Oscar Pistorius: la fama como maldición

Las sutilezas y argucias legales que han caracterizado la carrera deportiva de Oscar Pistorius, también podrían resultar cruciales en el juicio criminal que se avecina en Pretoria, si la vista judicial preliminar (suspendida hasta el viernes) resulta en su enjuiciamiento por el homicidio de su novia, Reeva Steenkamp, quien fue hallada muerta con varios disparos en la residencia de la estrella paralímpica.

Se ha informado que la policía lo ha acusado del asesinato de la bella modelo, de 29 años, pero los abogados de Pistorius -el primer amputado doble en correr en los Juegos Olímpicos- presumiblemente alegarán que se trató de un homicidio simple o en un estado de emoción violenta.

Lea: Pistorius enfrenta cargos por homicidio de su novia

La diferencia es importante, porque el homicidio simple no conlleva el agravante de la premeditación, mientras que la emoción es un atenuante.

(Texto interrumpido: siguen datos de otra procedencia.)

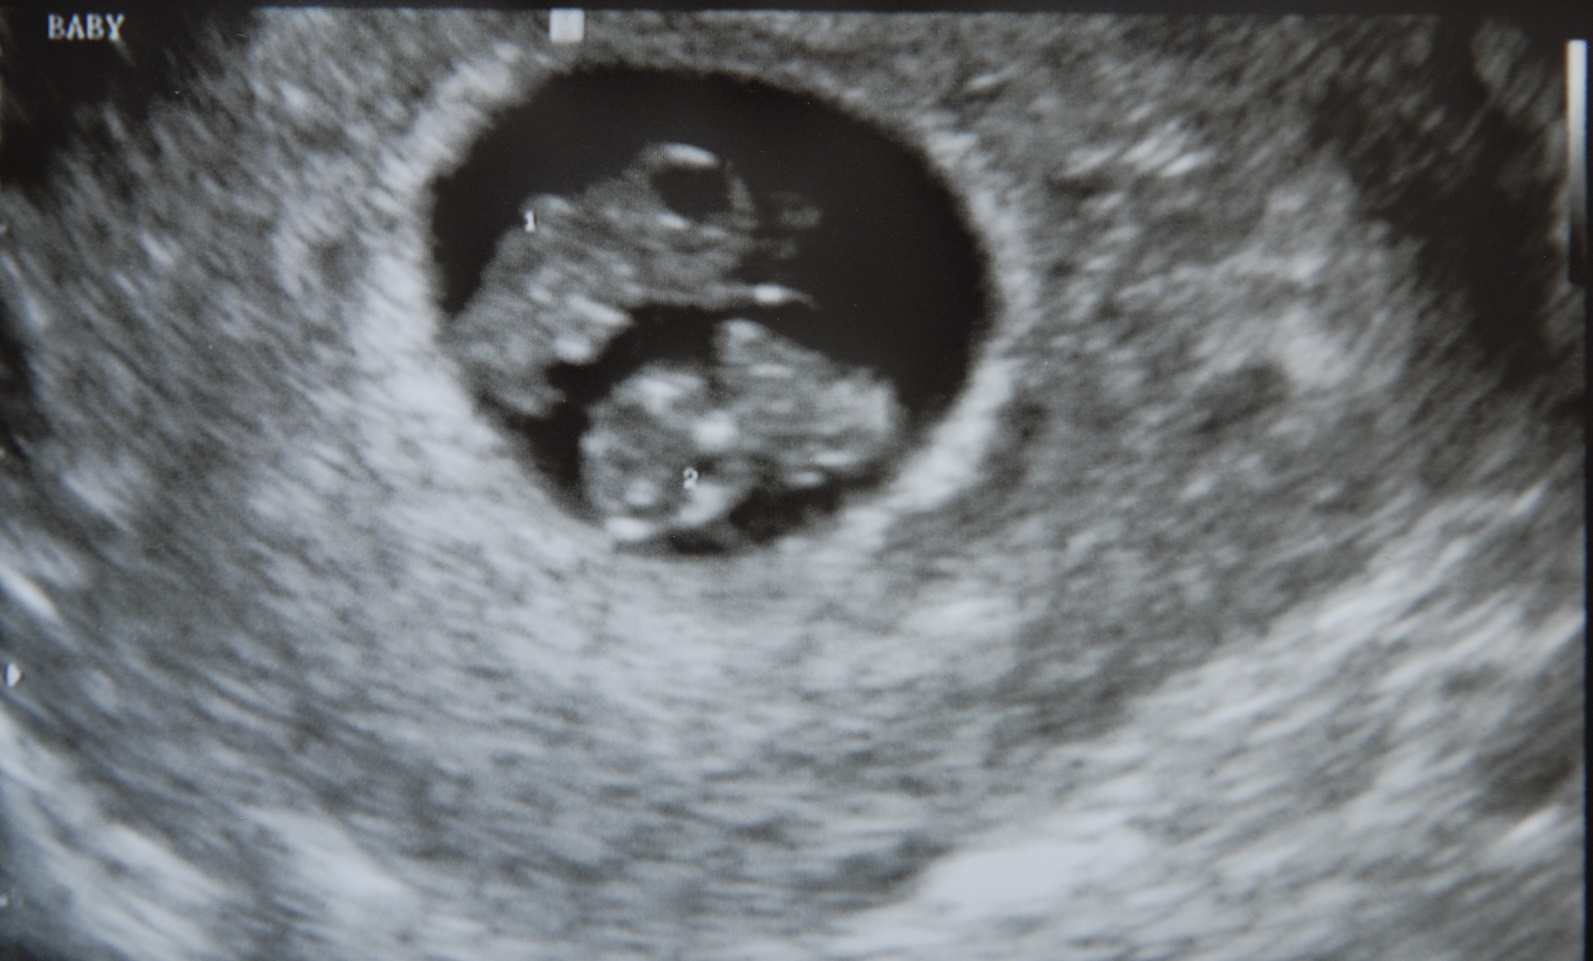 Узи на 4 неделе беременности фото двойня

También se podría alegar, como hicieron fuentes del ámbito deportivo y amigos del atleta, que fue un accidente, que creyó disparar contra un ladrón.

En Sudáfrica existe una obsesión con la seguridad, debido al elevado número de asesinatos, asaltos y robos. La casa de Pistorius está ubicada en uno de los barrios privados más exclusivos y por consiguiente vigilados de la ciudad, pero esa vigilancia no hace que los ciudadanos bajen la guardia. Al contrario.

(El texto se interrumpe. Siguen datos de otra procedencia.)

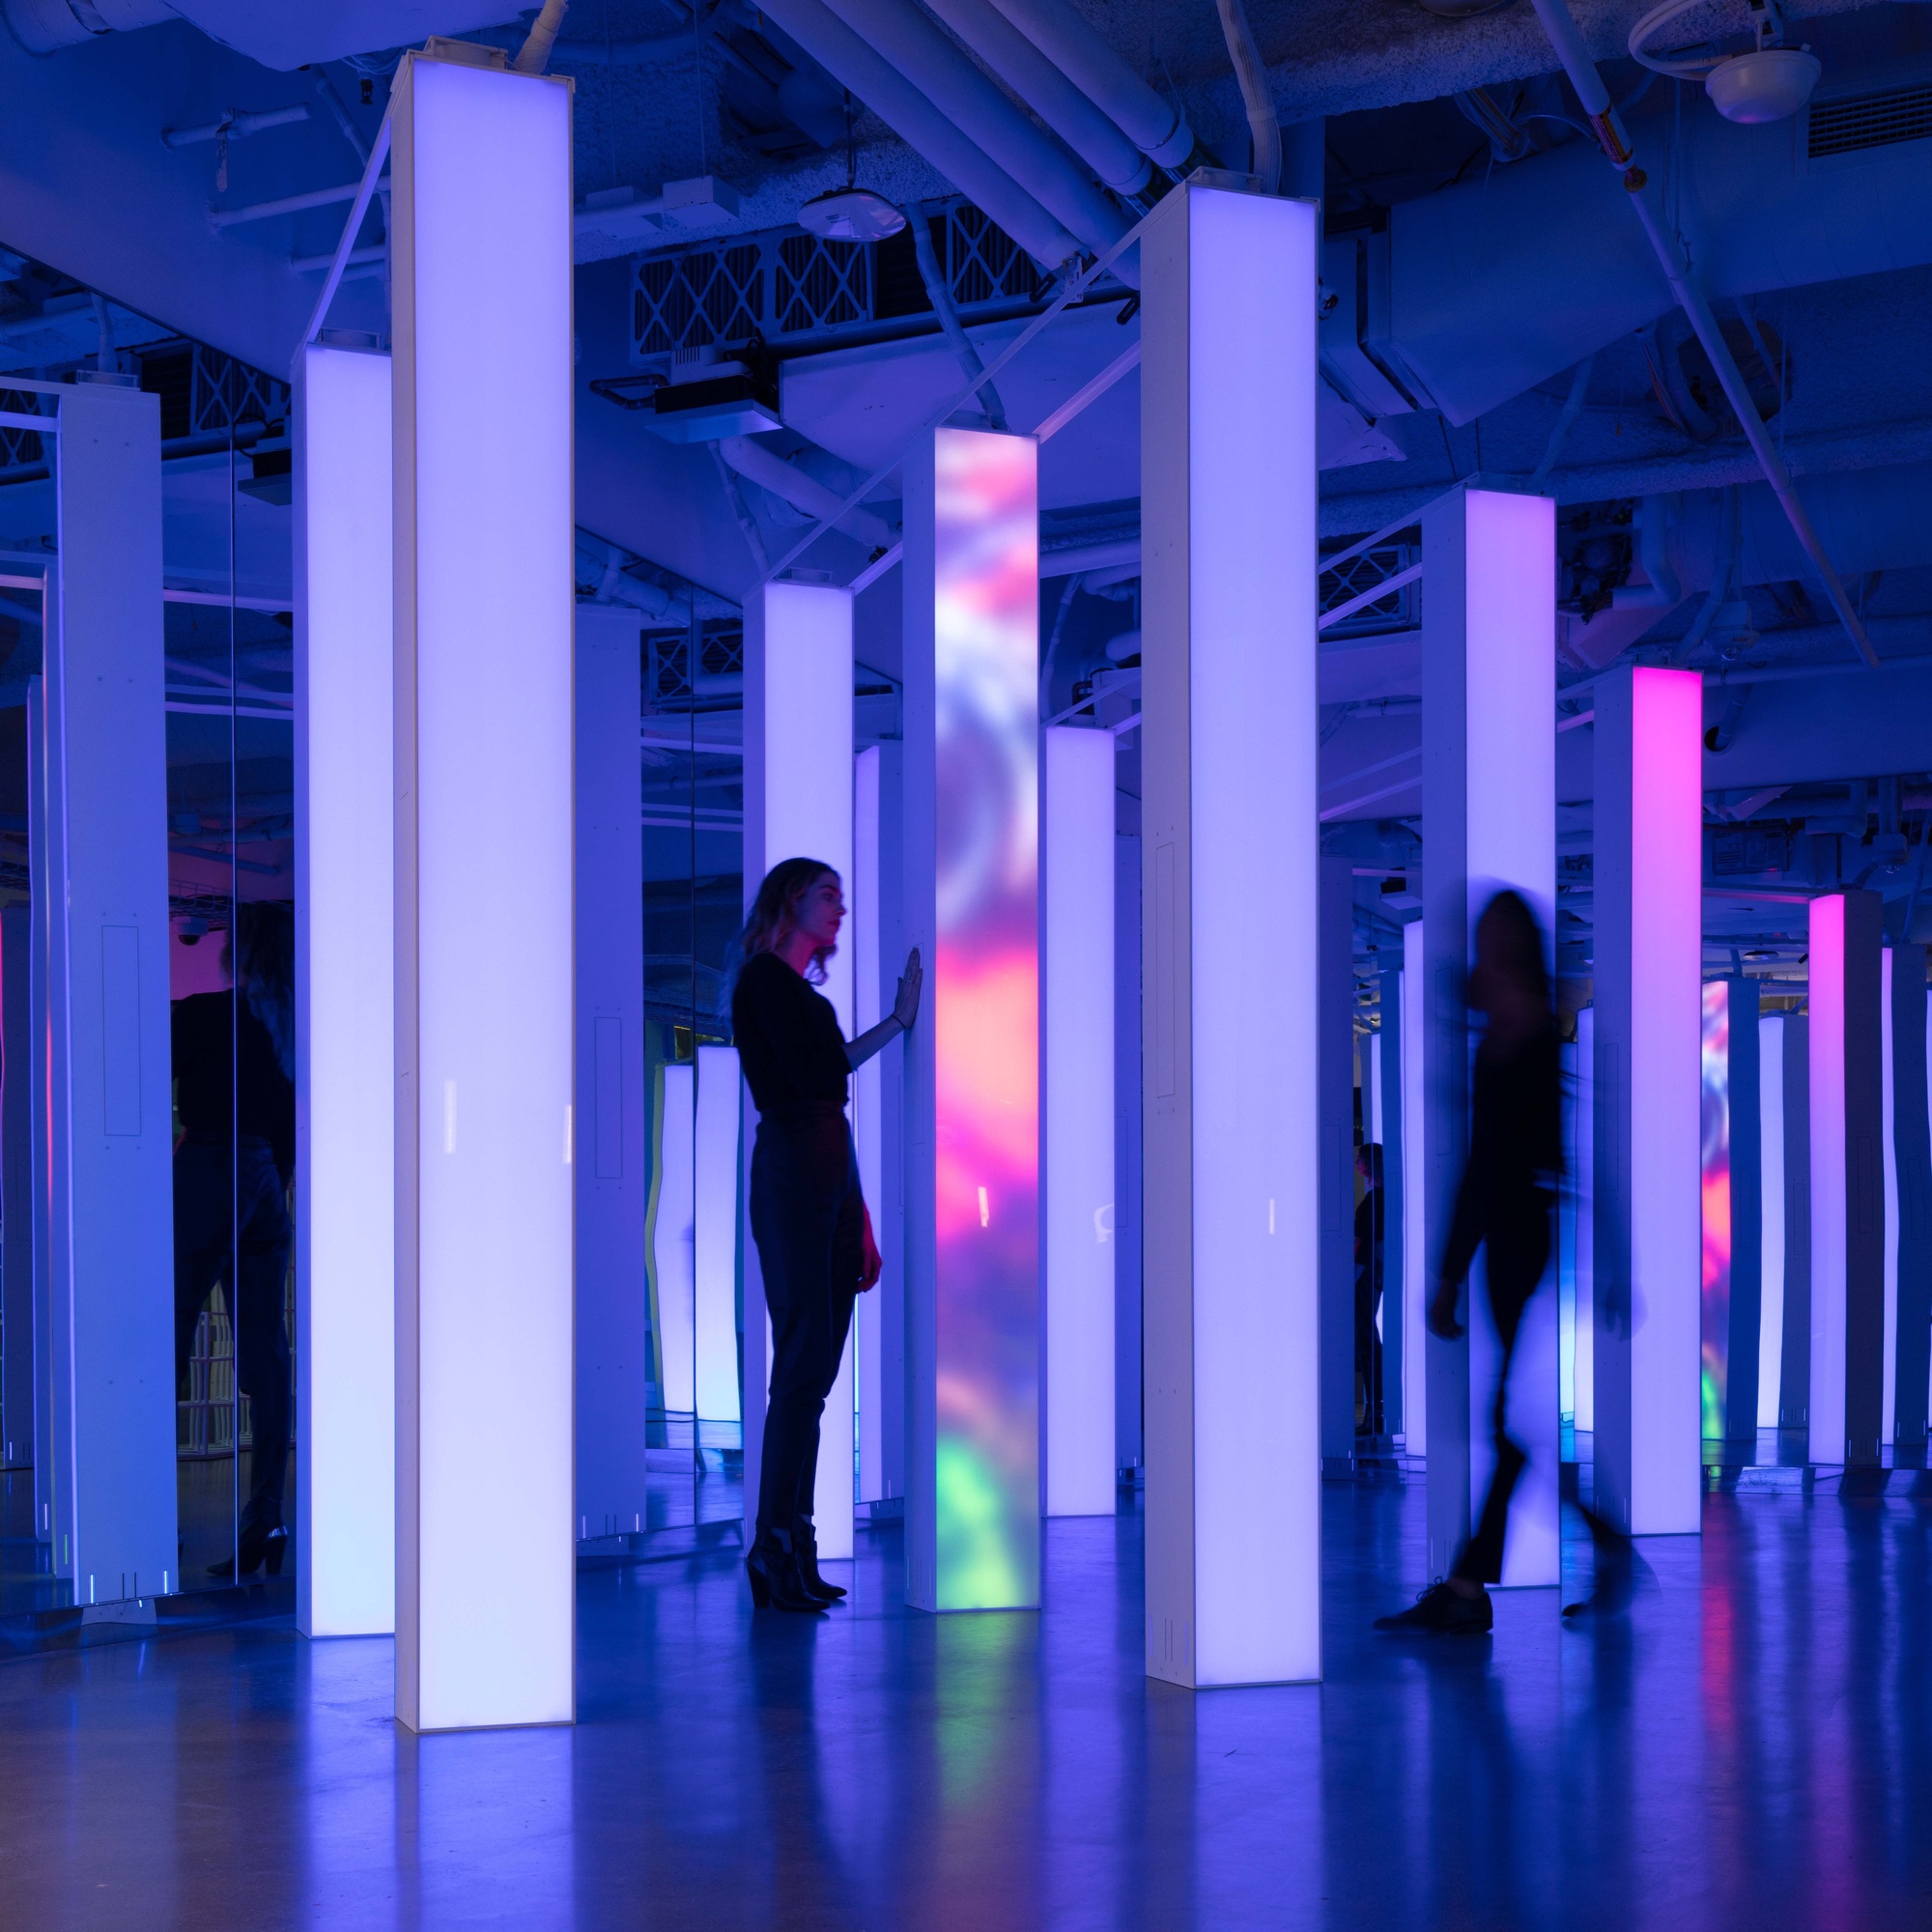 Two women standing between digital pillars with light purple gradient.

El periodista Jonathan McEvoy, del diario británico Daily Mail, visitó hace un tiempo a Pistorius en la misma casa donde la policía lo detuvo. Así describe el cuarto del dueño de casa:

"En el dormitorio, Oscar tiene sendos bates de cricket y de beisbol detrás de la puerta, un revolver en la mesa de noche y una subametralladora al lado de la ventana".

Carácter complicado

Image caption Reeva Steenkamp fue hallada muerta con disparos en la cabeza y el brazo.

A priori, esto parece apuntar a la posibilidad de un accidente, pero la celeridad de la acusación policial y el hecho de que las versiones hablen de más de un balazo en la cabeza de la víctima, son indicios de otro tipo de circunstancias.

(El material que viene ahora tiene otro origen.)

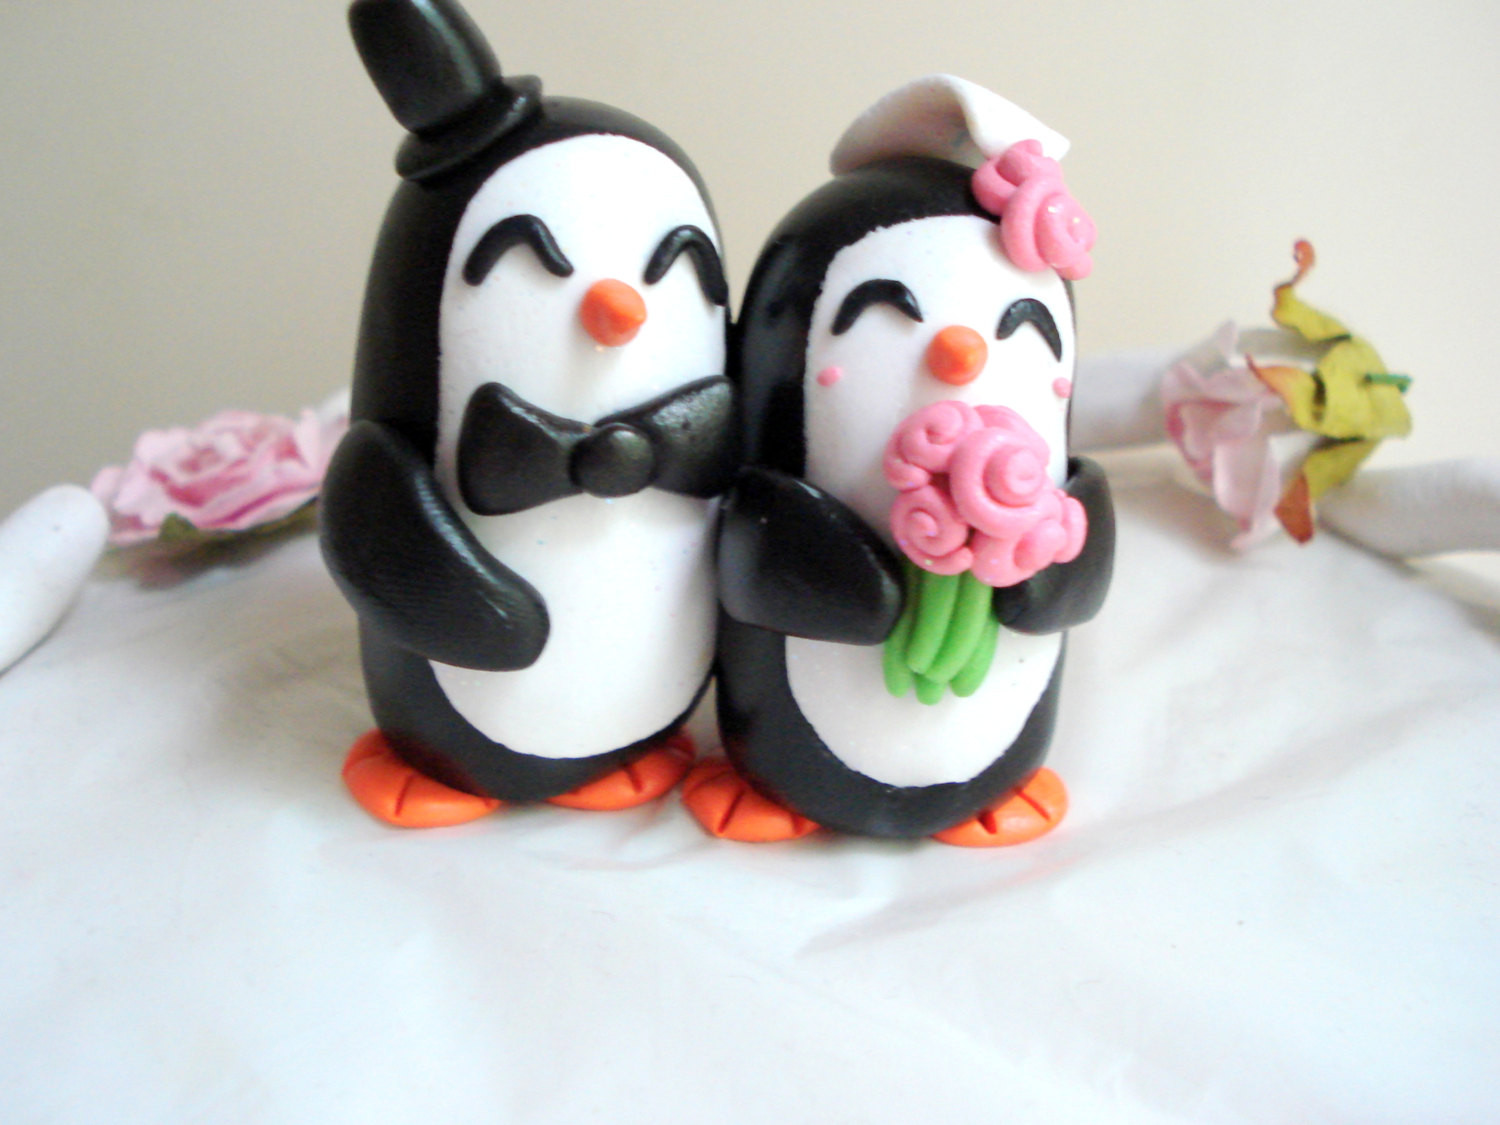 Penguin Wedding Cake Topper
 Penguin Wedding Cake Topper Penguin Cake Topper by

La tipificación del delito quedará en claro tras la vista preliminar, que se ha demorado para facilitar el acceso de discapacitados al edificio del tribunal.

En cualquier caso, los acontecimientos iluminarán con una luz negativa ciertos rasgos del carácter de Pistorius.

Este es el escándalo más grave en el que Pistorius se ha visto implicado, aunque no el primero.

Luchó contra la burocracia deportiva durante muchos años, hasta forzar el reconocimiento para competir con los atletas hábiles en los Juegos Olímpicos.

Su carácter impulsivo había tenido una manifestación negativa en los Juegos Paralímpicos de Londres, cuando objetó el triunfo del brasileño Alan Oliveira, que lo superó en la final de los 200 metros. Calificó de "ridículo" el hecho de que las prótesis "demasiado largas" de Oliveira lo hicieran "increíblemente alto".

Este comentario, de parte de un atleta que había criticado durante tanto tiempo a los burócratas y deportistas que se oponían a su participación en pruebas con atletas hábiles porque, supuestamente, sus prótesis le daban una ventaja, fue muy mal recibida y Pistorius se disculpó, aunque sin retirar su pedido de reconsideración de las normas que permiten prótesis "demasiado largas".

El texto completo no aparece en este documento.